The Centre had asked the CPCB to identify industries with spare nitrogen plants and explore the feasibility of converting nitrogen plants to produce oxygen. The CPCB has a database of all industrial units in the country.

A senior Delhi Pollution Control Committee (DPCC) official said that they have not issued any such directions in the national capital.

“There are no such major plants that can be converted, but if any specific directions are issued from CPCB we will look at options,” the officials said.

M/s UPL Ltd converted one 50 Nm3/hr capacity nitrogen plant to produce oxygen using Zeolite Molecular Sieve and installed it at LG Rotary Hospital, Vapi in Gujarat. This plant is producing 0.5 ton/day of oxygen and is operational since April 27. UPL Ltd. is also under the process of conversion of three more plants.
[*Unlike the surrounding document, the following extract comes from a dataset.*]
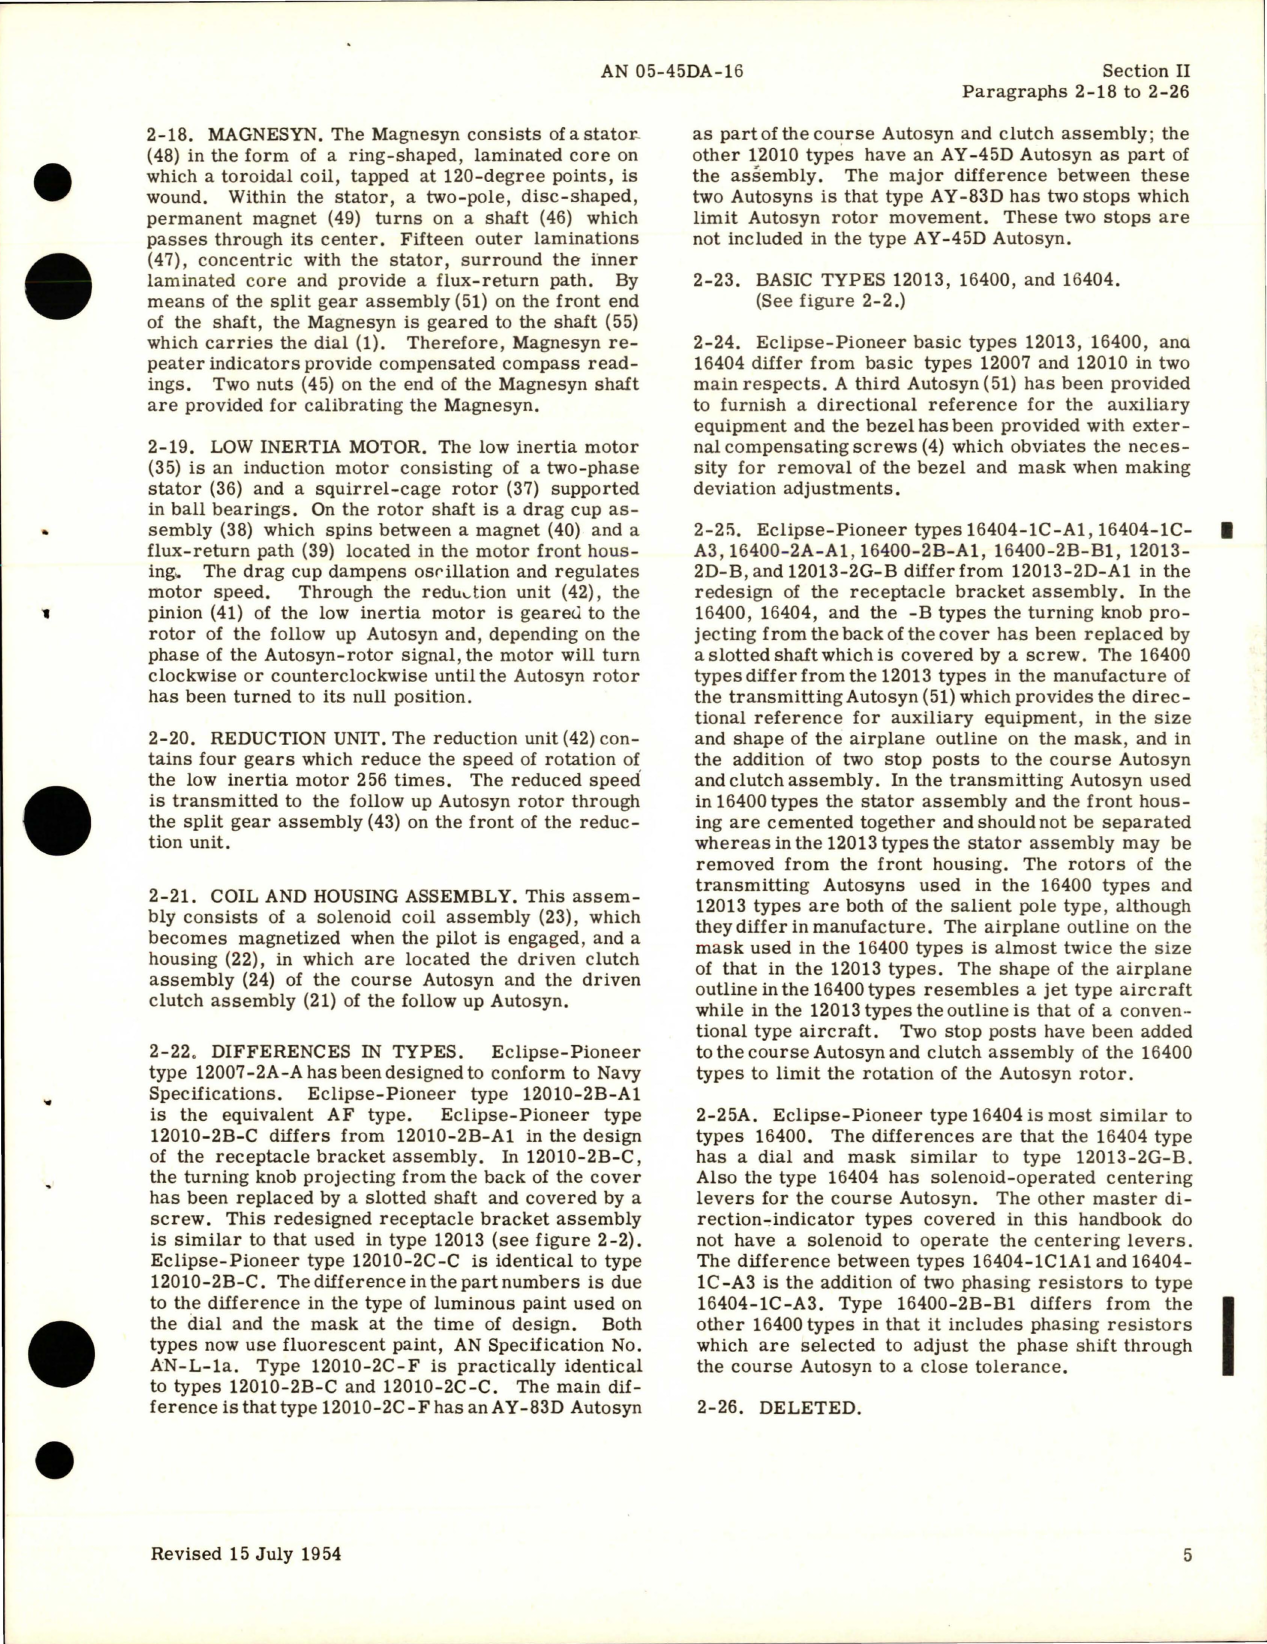 Sample page 9 from AirCorps Library document: Overhaul Instructions for Master Direction Indicators

On conversion to oxygen plants, these plants will be installed at hospitals in Surat and Ankleshwar.

According to the CPCB, at the existing nitrogen plants, oxygen for medical use can be produced by replacing Carbon Molecular Sieve (CMS) with Zeolite Molecular Sieve (ZMS) and making few other changes, such as installation of oxygen analyzer, change in control panel system, flow valves, among others.

With the availability of ZMS, such modified plants can be set up in 4-5 days while installation of a new oxygen plant may take a minimum of 3-4weeks. Oxygen produced in on-site plants has to be compressed and filled in cylinders using high-pressure compressors for transporting to hospitals, the CPCB said.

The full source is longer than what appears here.